Because Perplexity isn't reading Google's index, it reads the live web on the query and picks the few pages that answer cleanly with sources. Different engines, different shortlists. When researchers compared the pages cited by ChatGPT, Google AI Overviews and Perplexity for the same prompts, the overlap was small. By some counts only around 14% of cited content shows up across all three, so a win on one doesn't carry to the others (analysis of ChatGPT, Gemini and Perplexity for SEO). Google leans on backlinks and domain authority. Perplexity leans on whether a page states a verifiable claim it can lift in a sentence. A page ranking page one on Google for "buyers agency Melbourne" can be absent when someone asks Perplexity the same thing. Small business carries a big share of Australia's private-sector jobs (ASBFEO employment data), so the firms that adapt to answer-engine search first pick up enquiries the rest miss. Our ChatGPT search ranking guide covers the other side of this split, and the AI-search visibility pillar maps the whole picture.
What Does Perplexity Actually Reward?
Four signals do most of the work, and not one of them is a backlink. Freshness comes first: Perplexity skews hard toward content published or updated recently, so a page untouched for 6 months is already behind. Then source density. Pages packed with concrete, checkable claims (numbers, dates, named methods) get pulled into answers more often than pages that hand-wave. Then structure. Short, self-contained passages and clean FAQ blocks are easy for the engine to lift in one piece; walls of text aren't. Last, entity clarity. The page, plus your wider footprint (LinkedIn, Wikidata, consistent business details), should make obvious who you are. We see the same split in our own corpus: the pages that do three of those four well sit in the top bands, and the rest are usually long, undated and short on data. Practitioner reverse-engineering of Perplexity citations found format beat brand size, with a small site outranking a big one.
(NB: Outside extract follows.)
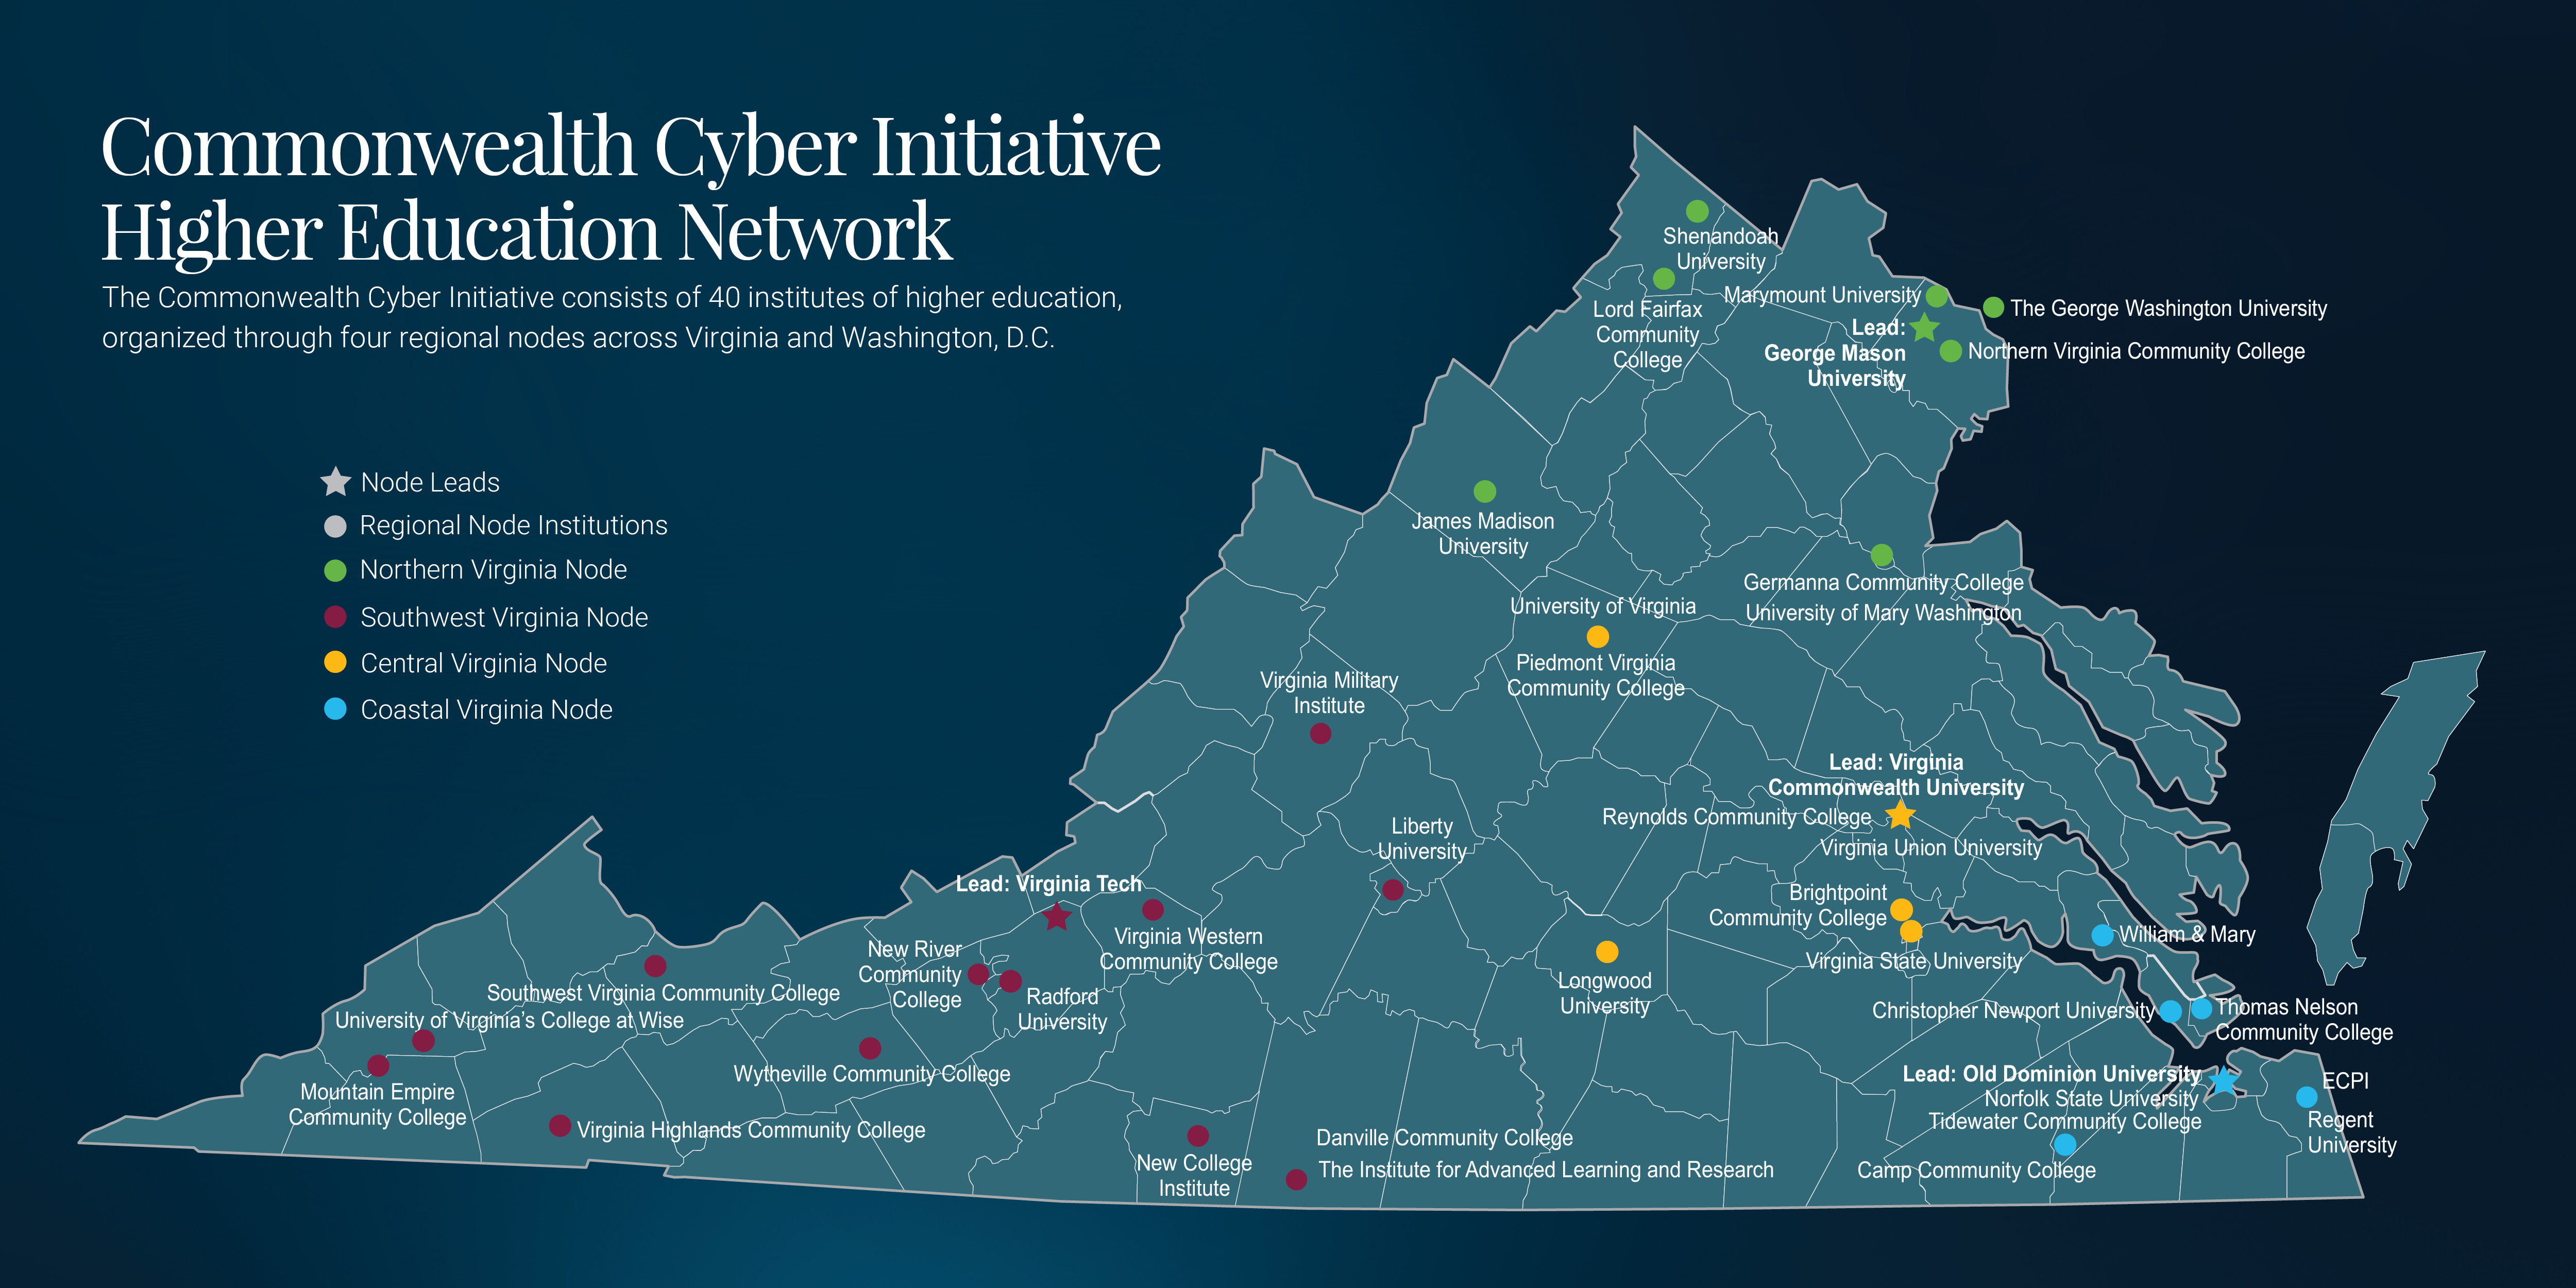 Commonwealth Cyber Initiative Higher Education Network

Run your top page through our self-check SEO audit, and our how to rank on Google in Australia guide for the search side.
How Does Perplexity Pick Which Sources to Cite?
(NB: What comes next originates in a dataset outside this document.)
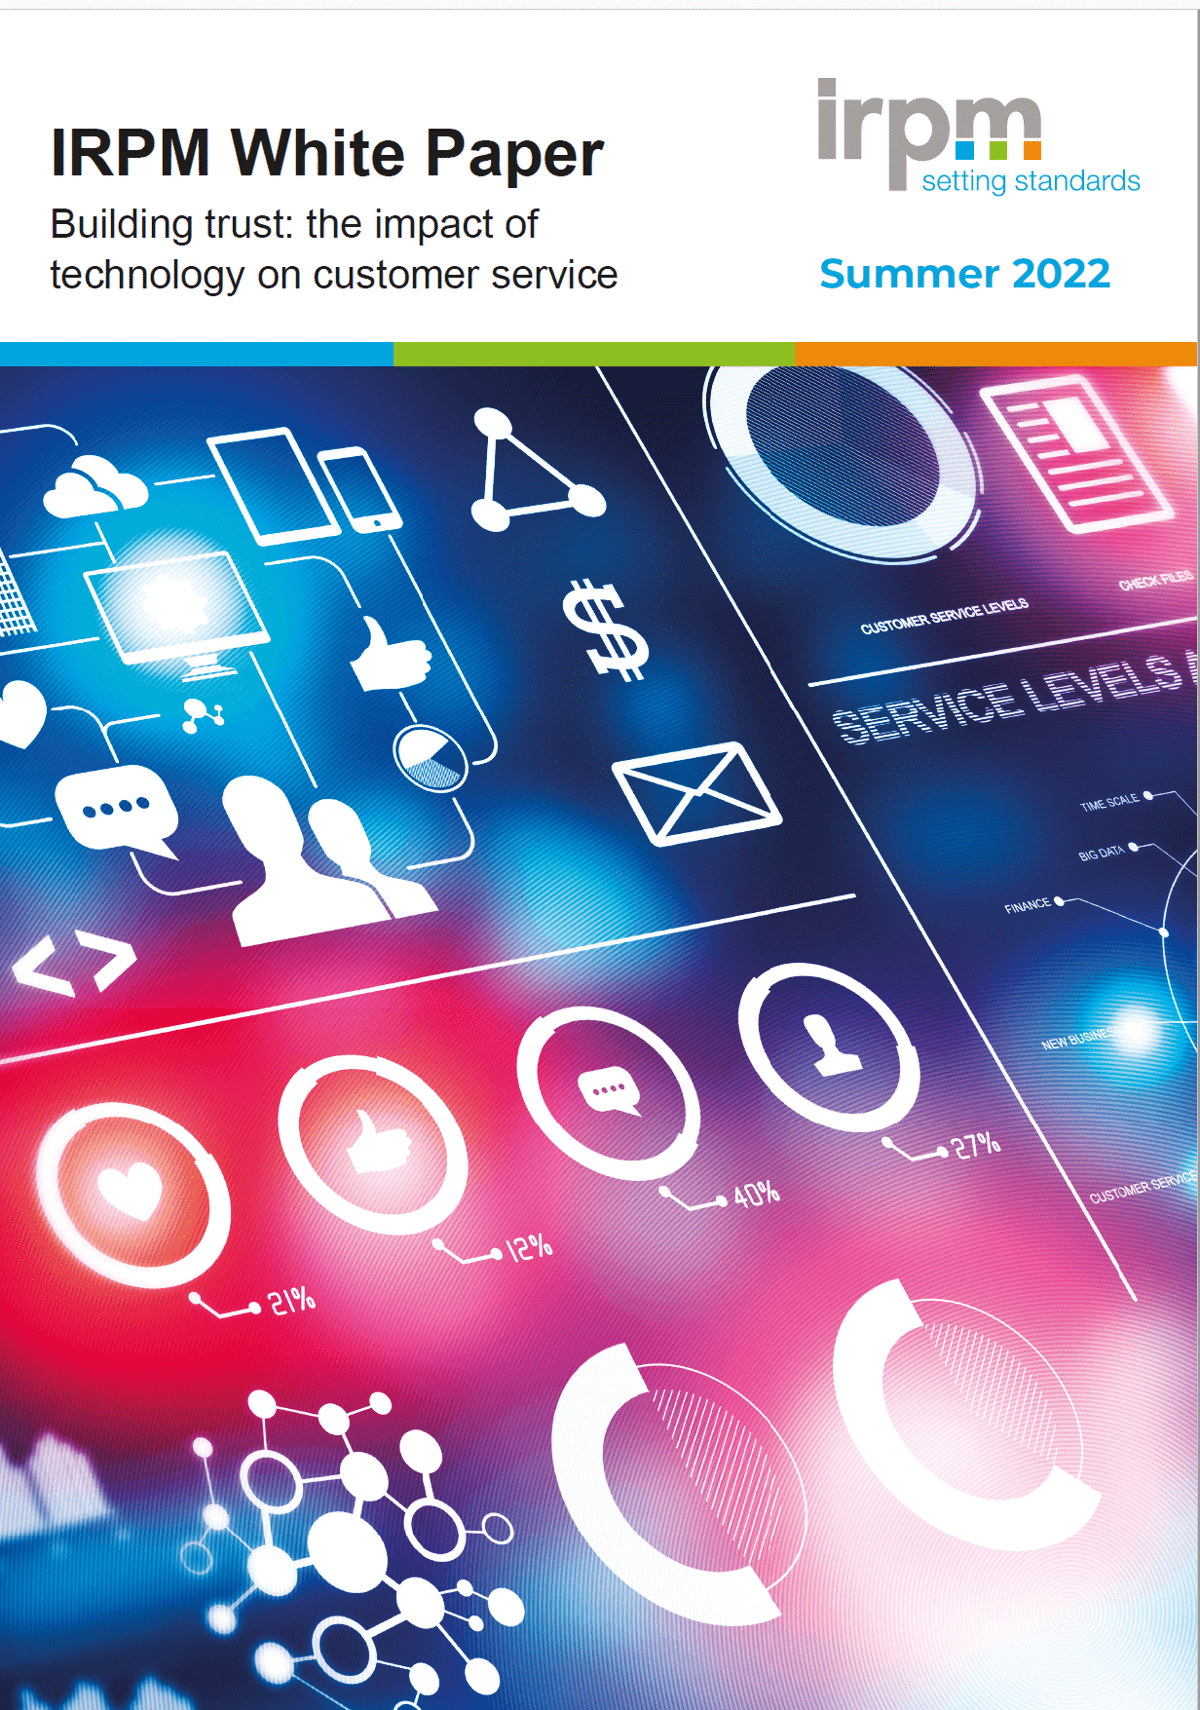 IRPM WHITE PAPER - Building Trust: the impact of tech on customer service -Image

It runs your query, fetches pages from the live web, and shortlists the ones that answer the exact question with claims it can attribute. Three things tilt the shortlist your way. First, the page has to actually answer the prompt. A service page that talks about itself loses to one that explains the thing the searcher asked about. Second, it needs lift-ready passages: a sentence or short block that states a fact with enough context to stand on its own. Third, the engine cross-checks who you are, so a consistent business name, address and profile across the web help your page get trusted over an anonymous one. Australians are using Perplexity for real research now, not just to kick the tyres, and practitioner walk-throughs describe the same pattern: clean answers, real sources, recent dates. For a deeper map of how visibility works across answer engines, the AI search visibility hub for Australia lays it out.
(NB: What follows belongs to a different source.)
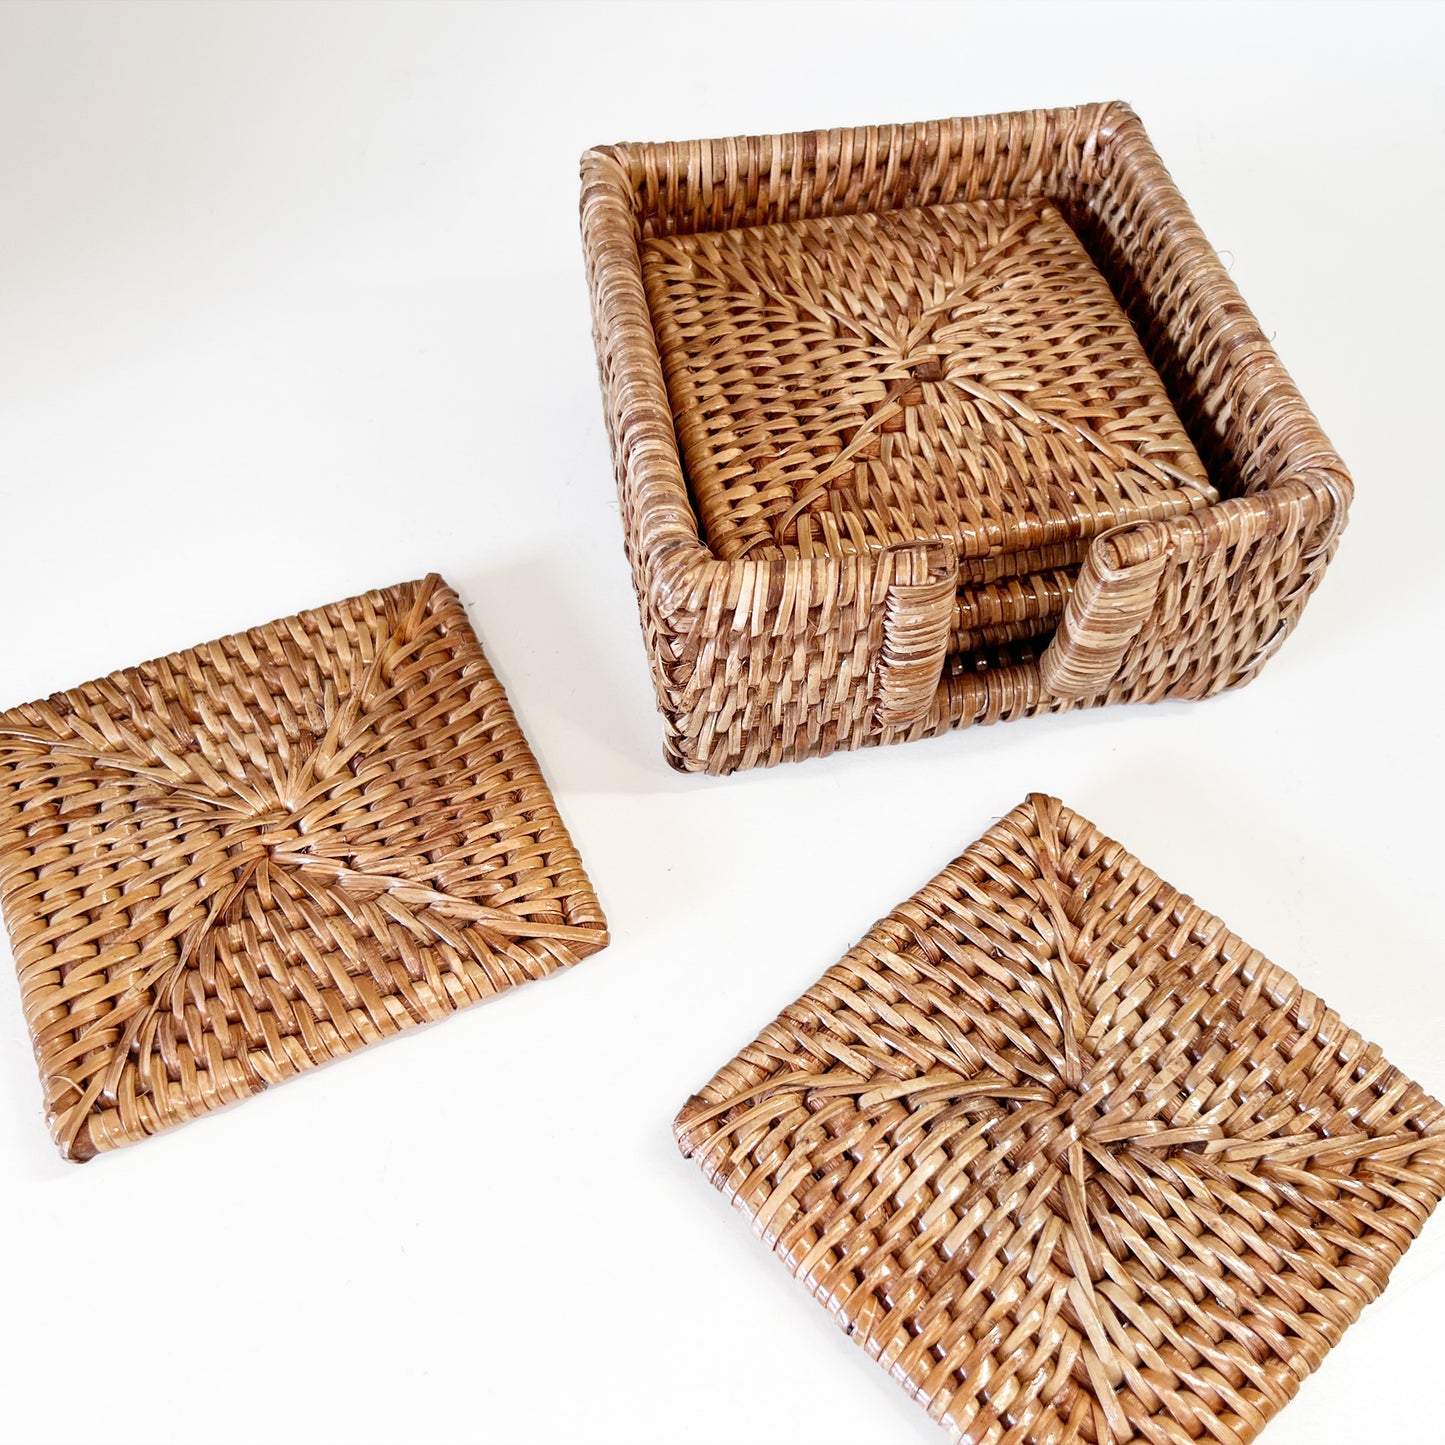 Top view of eco-friendly, handcrafted square rattan coasters in a matching holder

What We Found Scoring 69 Australian AI-Search Pages
We reviewed 69 Australian AI-search pages in our own audit corpus. The spread was lopsided.
| Where 69 Australian AI-search pages landed | Pages | Share |
|---|---|---|
| Strong (80+ on a 100-point rubric) | 9 | 13% |
| Competent (60–79) | 22 | 32% |
| Weak (30–59) | 38 | 55% |
Three things stood out. First, freshness, not length, split the bands. Pages below 60% were mostly long, undated and over a year old. Second, fewer than 1 in 7 cleared the strong band, more than 1 in 2 sat in the weak one, and the strong few weren't all agencies. Several were one-person shops with a dated FAQ block kept current. Third, almost none of the weak pages cited source-grade data. Our own pages average 81% on the same rubric, and the gap is structure and cadence rather than budget. The sector runs near 2.5 million firms (ASBFEO data), and most of those sites are invisible to answer engines (ABS counts). See our plumbers' SEO case study and the Melbourne buyers-agency AI-search write-up.
How Often Should You Publish to Stay Cited on Perplexity?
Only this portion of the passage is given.